Dataset excerpt:
______________________________

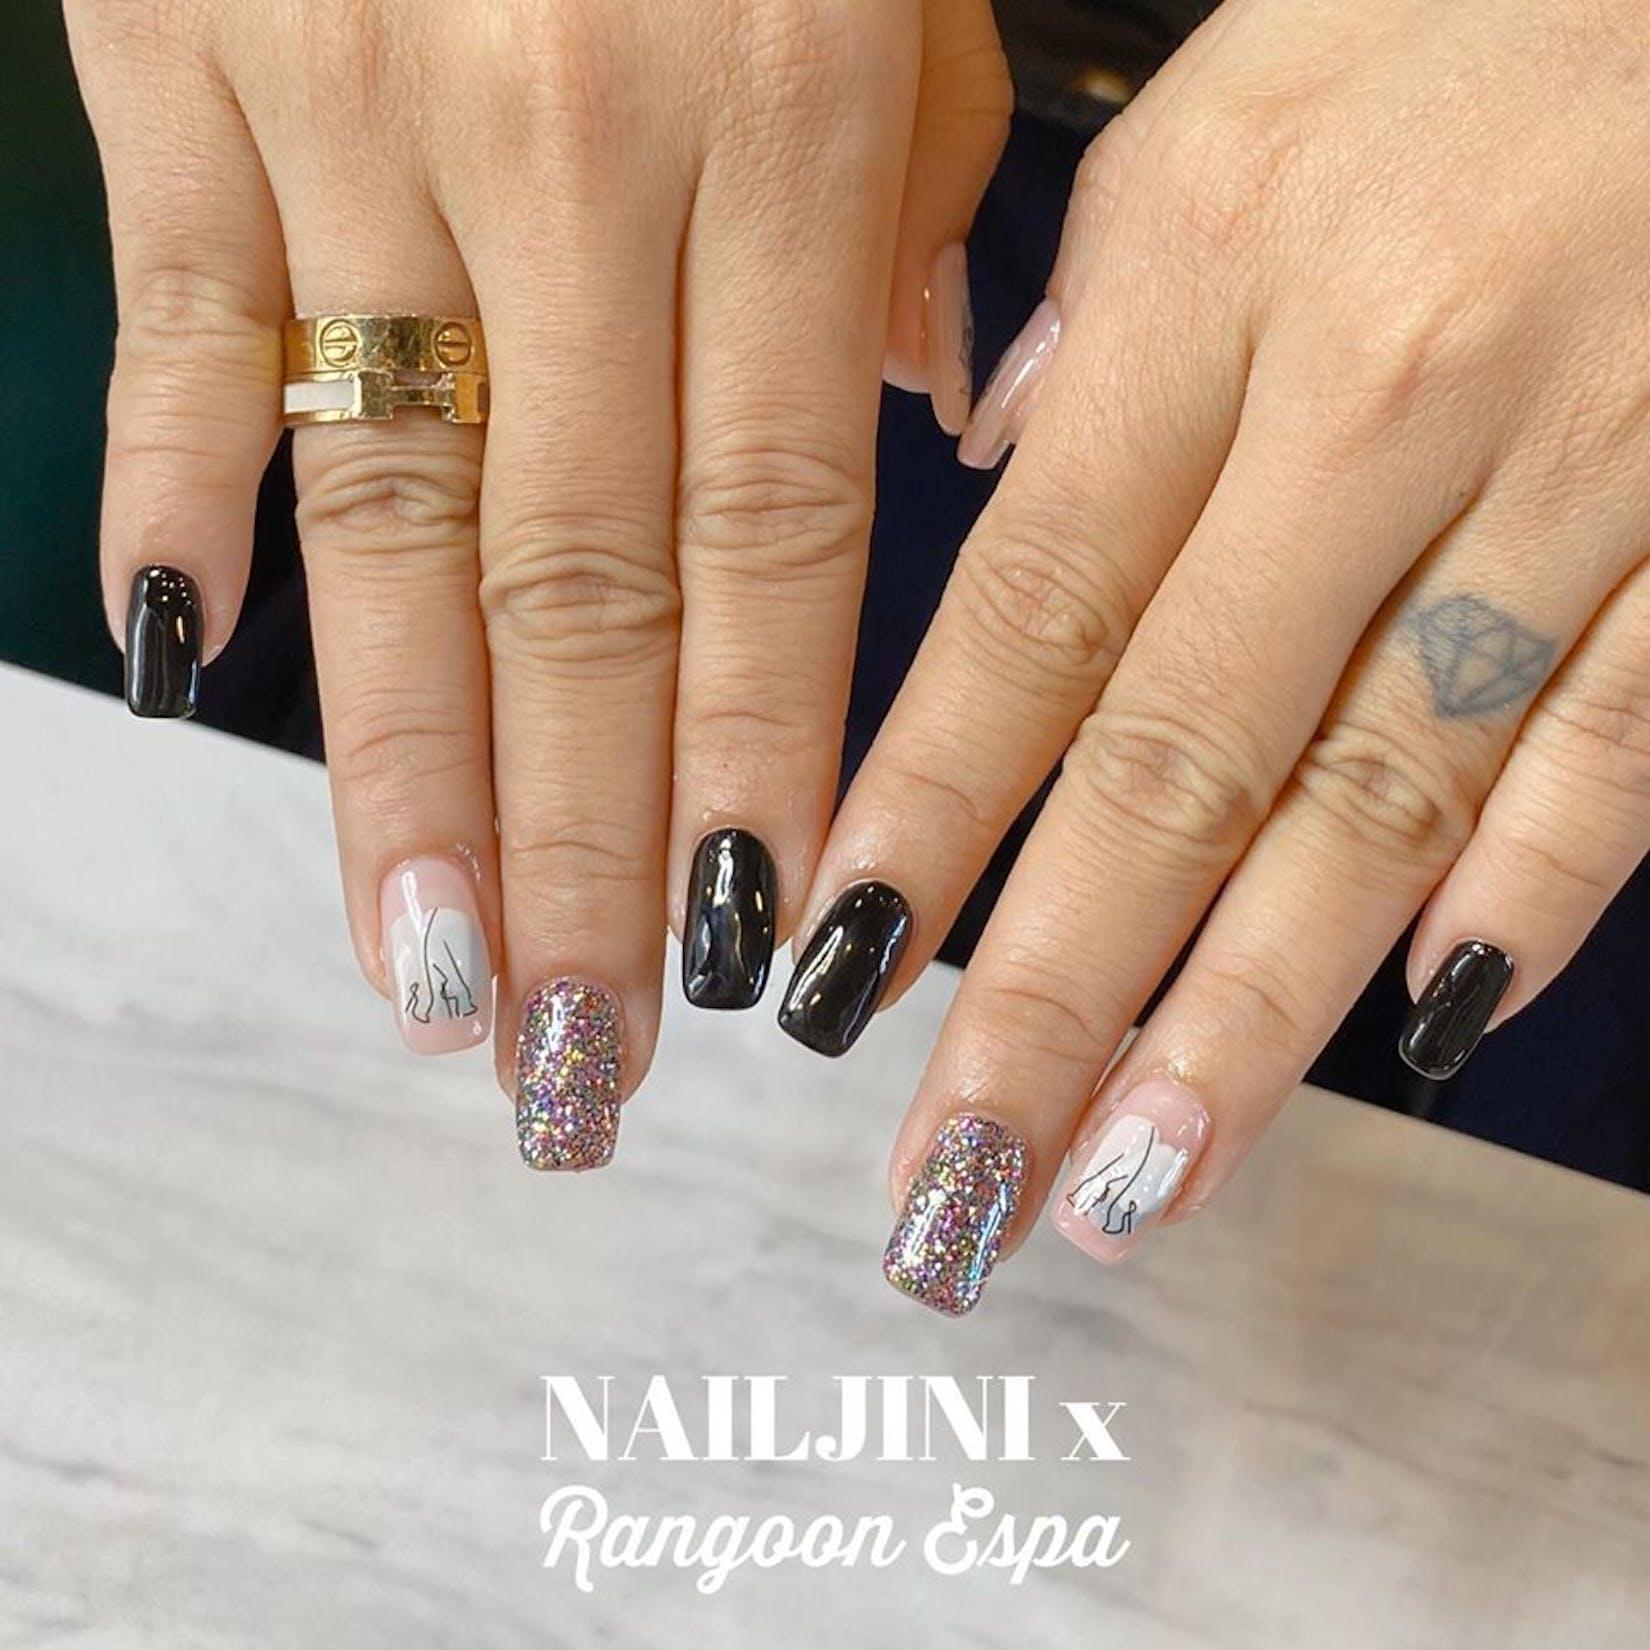 NailJini | Beauty
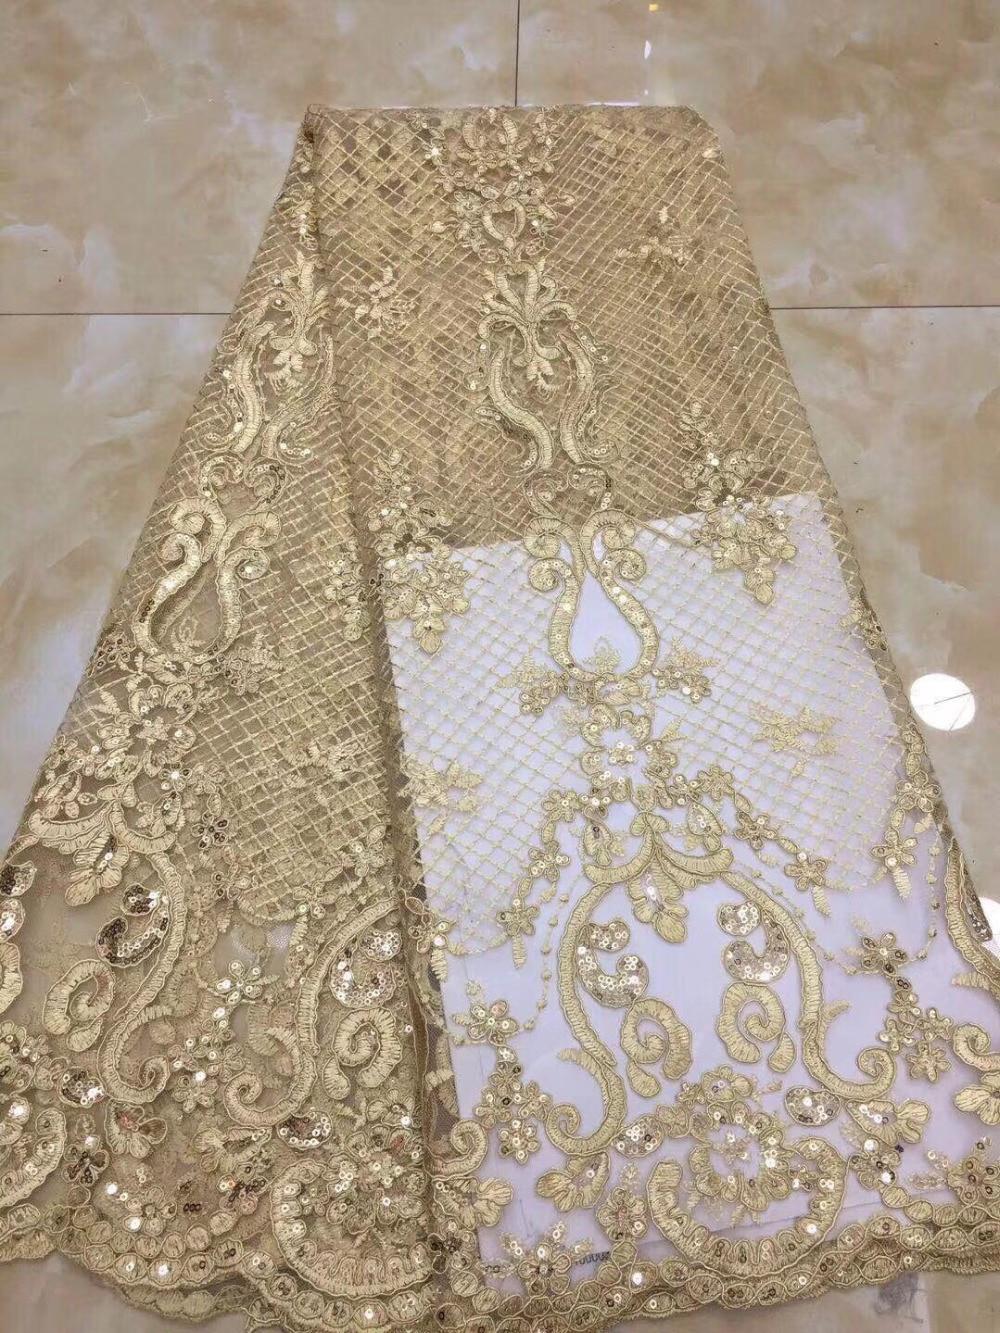 2018 Mode Afrikaanse Kant Stof Goud Pailletten Materialen Franse kant Nigeriaanse Tule Kant Stof Voor Wedding Party Dress AFFJF118-in Kant van Huis & Tuin op  Groep 1
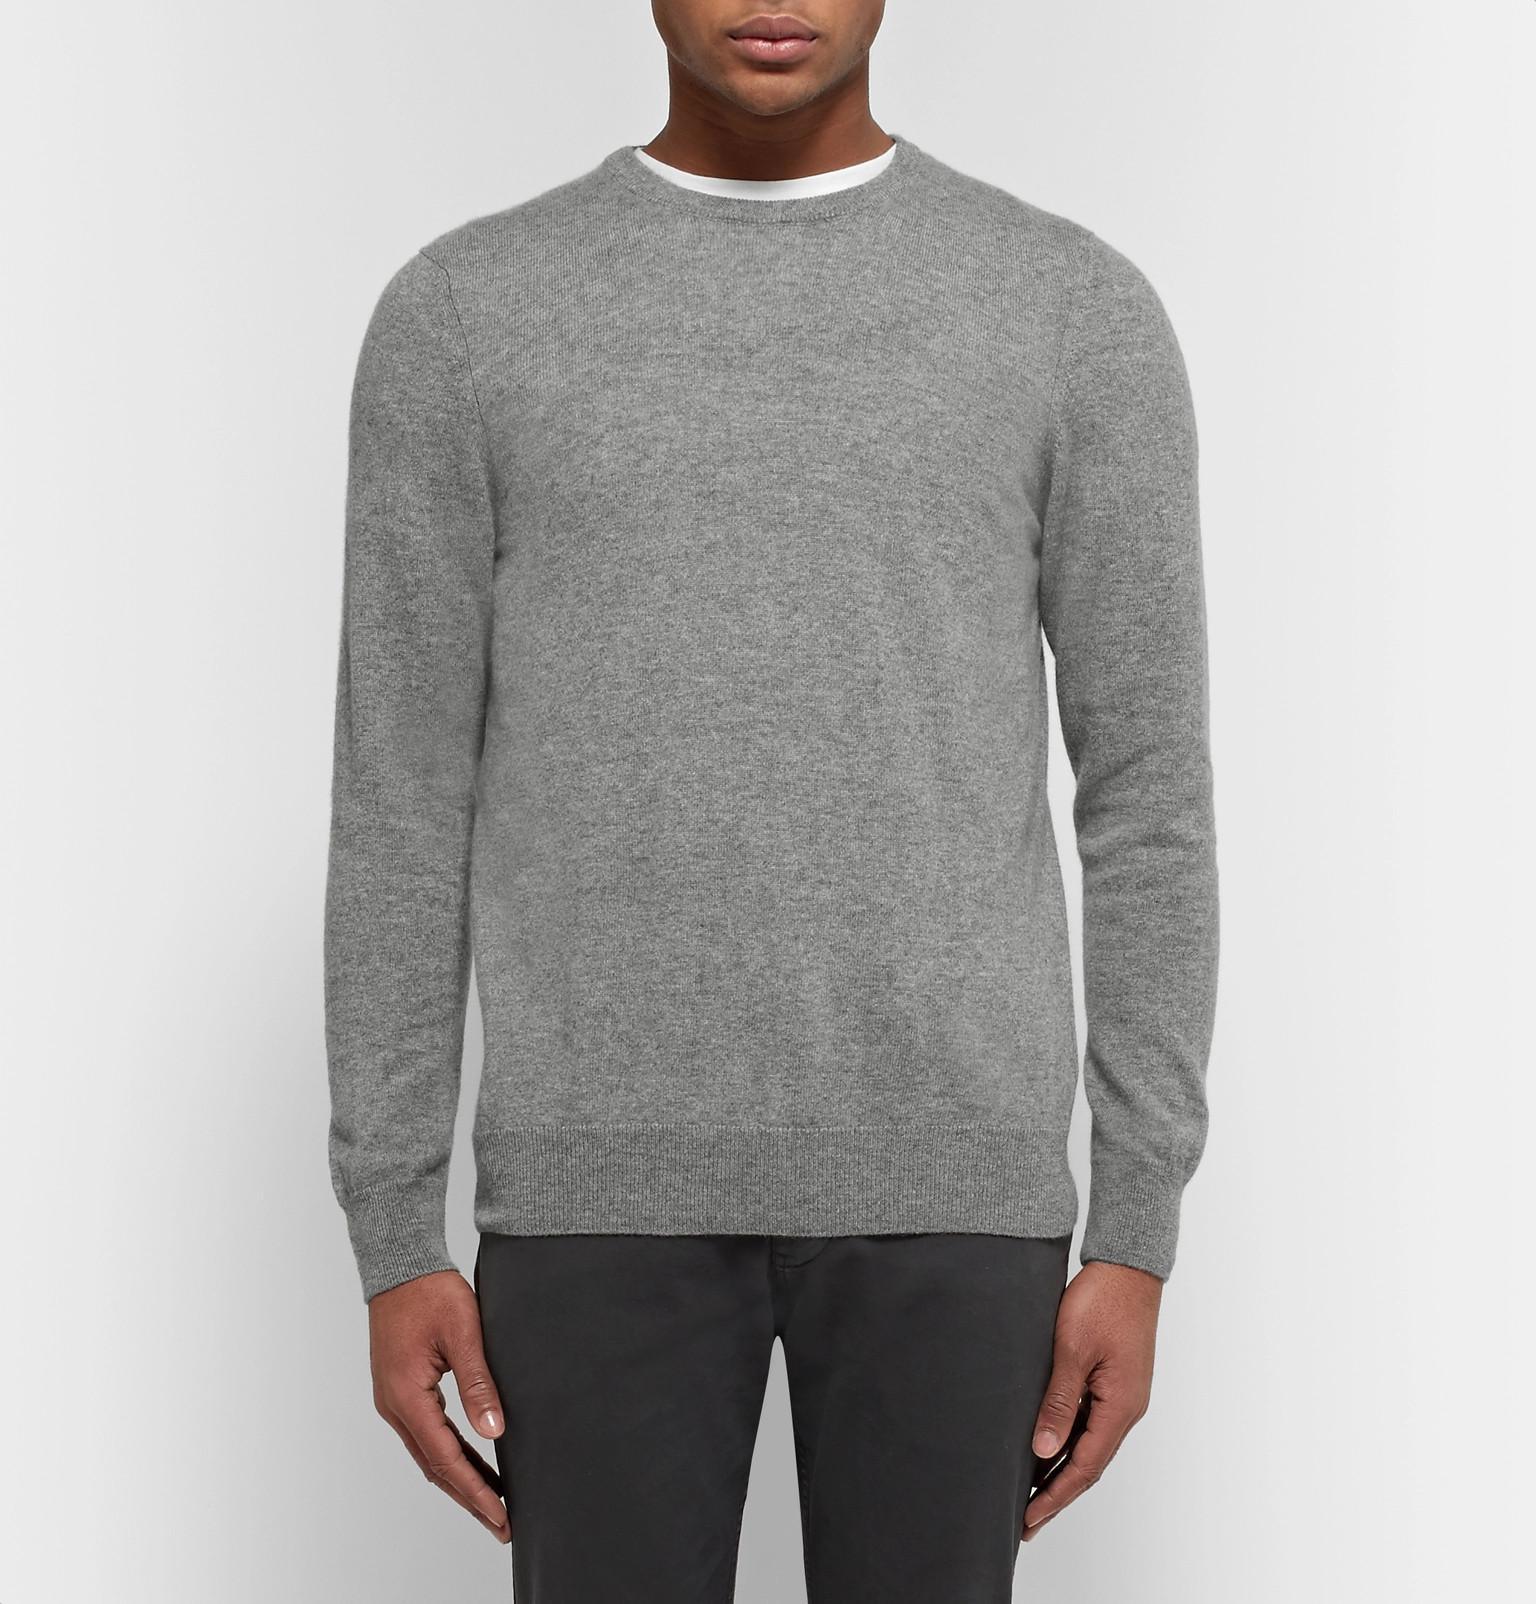 3d15c56a3180 Fullscreen Nn07 For Gray Lyst Sweater View Cashmere Men Charles 8qPwn8fZ
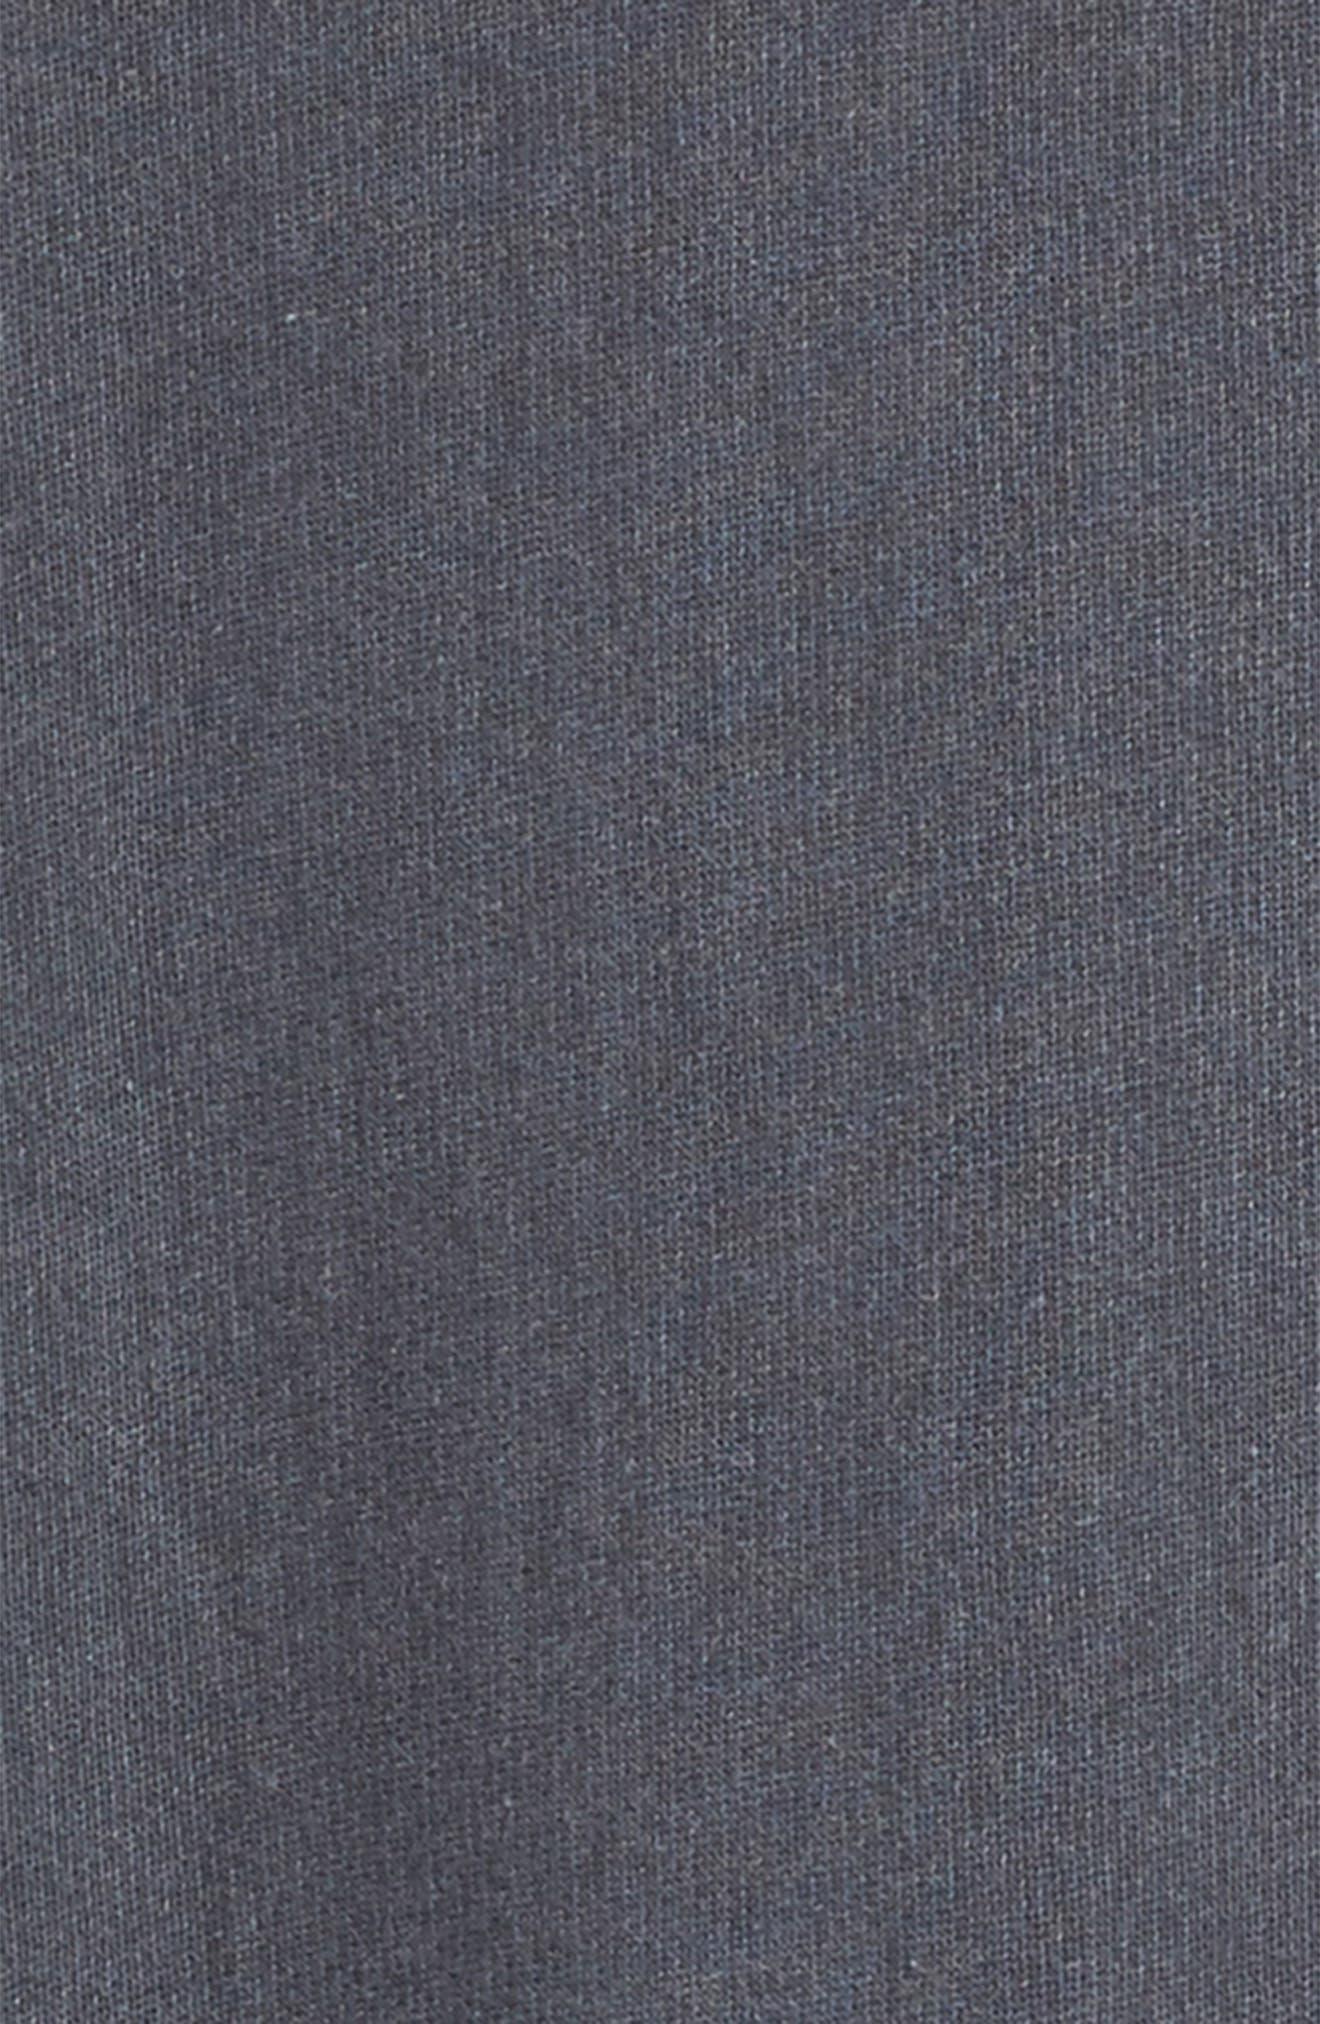 Hooded Fleece Sweatshirt Dress,                             Alternate thumbnail 3, color,                             030

______________________________

What to do: Leave out the pictures and return the listing exactly.

Solved exercise:
 NailJini | Beauty
 2018 Mode Afrikaanse Kant Stof Goud Pailletten Materialen Franse kant Nigeriaanse Tule Kant Stof Voor Wedding Party Dress AFFJF118-in Kant van Huis & Tuin op  Groep 1
 3d15c56a3180 Fullscreen Nn07 For Gray Lyst Sweater View Cashmere Men Charles 8qPwn8fZ
 Hooded Fleece Sweatshirt Dress,                             Alternate thumbnail 3, color,                             030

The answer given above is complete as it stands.